SOUTH OF BROAD
By Pat Conroy
Nan A. Talese/Doubleday. 514 pp. $29.95
When I was on Page 322 of Pat Conroy's 514-page new novel, "South of Broad," I began to feel that the characters were crying a lot, which wouldn't have bothered me if the characters were children. They're not. So, I began noting in the margins each time an adult let loose with the waterworks. The finding? Characters cry, sob, tear, weep, wail and well up on the following pages: 322, 330, 340, 354, 367, 382, 393, 395, 396, 403, 418, 419, 420, 429, 439, 440, 444, 448 (twice), 452, 462, 463, 465, 466, 467, 477, 490 (twice) and 493. In addition to the main players in the novel, Meryl Streep is tearful on Page 447 and God weeps on Page 476. Bear in mind, these are only the tears I tracked in the last 200 pages of the tale. Hurricane Hugo, the storm that ravaged Charleston, S.C., in 1989 and figures prominently in the novel's final pages, might not have dumped quite as much water on the city as Conroy's characters.
It's possible that the sobbing and sniveling occasionally felt inauthentic to me because I am a priggish New Englander who is uncomfortable with what may be a Southern penchant for drama. But as a novelist, I know all too well that there are few easier ways to wrest sniffles from a reader than to have a couple of real men cry like babies in each other's arms or a good woman stoically sniff back her tears. Been there, done that.
In all fairness, "South of Broad" is a big sweeping novel of friendship and marriage -- and, perhaps, vintage Pat Conroy. In other words, a lot of that crying is justified.
The tale begins on June 16, 1969, when high school junior Leopold Bloom King is asked by his mother, the school principal, to befriend some students who will be starting there the following September. That day he meets the companions he will take into adulthood: dirt-poor brother and sister orphans, Starla and Niles Whitehead, who are handcuffed to chairs; preternaturally charismatic twins Sheba and Trevor Poe; aristocratic brother and sister Chad and Fraser Rutledge, Carolinians of impeccable breeding; Chad's equally patrician girlfriend, Molly Huger; and Ike Jefferson, among the first African Americans to be integrated into the public school.
They will all become the greatest of friends, class and race lines becoming irrelevant except as good-natured ribbing. As adults, Leo will marry Starla, Chad will marry Molly and Niles will marry Fraser. (Fans of the classic TV sitcom "Frasier" are going to pause on the title of Chapter 12. I know I did.) Sheba will go to Hollywood and become a movie star with a mouth like a sewer and the sort of libido that men always want in their women, while Trevor will go to San Francisco where he will become the toast of the gay community until he winds up HIV-positive.
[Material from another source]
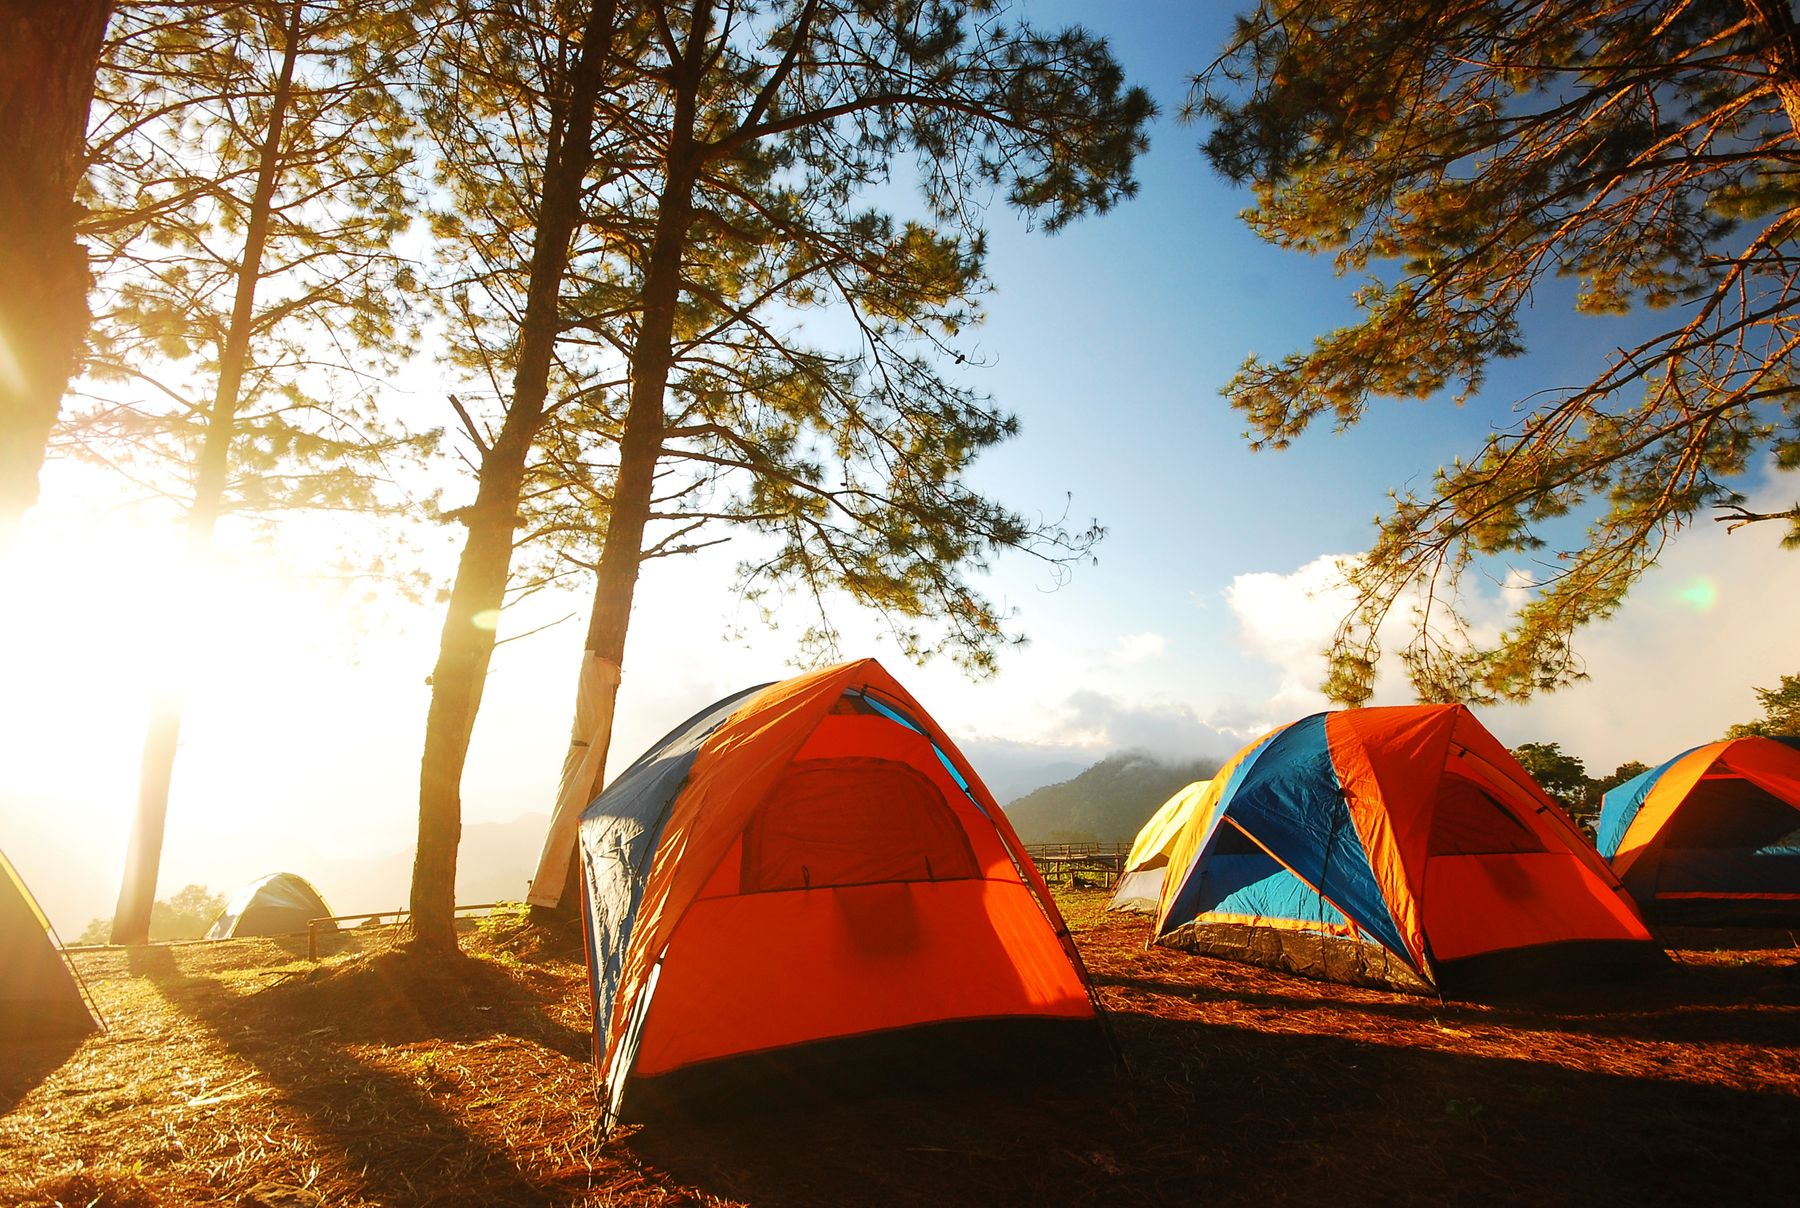 Row of colourful tents facing a sunrise

It would be impossible to summarize all that occurs to the group in this space, but suffice to say their adventures are extensive and, often enough, tear-jerking. They win (and lose) big football games, they venture to San Francisco to retrieve Trevor when he is ill, they try to protect themselves from Sheba and Trevor's psychotic killer of a father. Leo frets over his estranged wife, a woman damaged beyond repair by her childhood as an orphan. And then there's that hurricane.
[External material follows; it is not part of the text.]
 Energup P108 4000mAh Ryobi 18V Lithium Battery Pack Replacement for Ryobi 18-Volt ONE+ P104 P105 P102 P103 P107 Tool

Meanwhile, adding a penumbra of sadness to Leo's story is the suicide of his elder brother. Leo was only 8 when he found his brother, "his arteries severed, dead in the bathtub we both shared, my father's straight razor on the tiles of our bathroom floor." Leo will spend a large chunk of his childhood first in mental institutions and then taking the fall for a crime he didn't commit.
Much is made of the idea that Leo's mother has named him after James Joyce's Leopold Bloom and all of these friends find each other on the very day when Joyce's "Ulysses" is set. But "South of Broad" seems to be a reworking of the Joyce masterpiece only in that Leo learns "the power of accident and magic in human affairs . . . the unanswerable powers of fate, and how one day can shift the course of ten thousand lives."
I should note that even though I felt stage-managed by Conroy's heavy hand, I still turned the pages with relish. Conroy is an immensely gifted stylist, and there are passages in the novel that are lush and beautiful and precise. No one can describe a tide or a sunset with his lyricism and exactitude. My sense is that the millions of readers who cherish Conroy's work won't be at all disappointed -- and nor will anyone who owns stock in Kleenex.
Bohjalian is the author of 12 novels, including "Midwives," "The Double Bind" and "Skeletons at the Feast."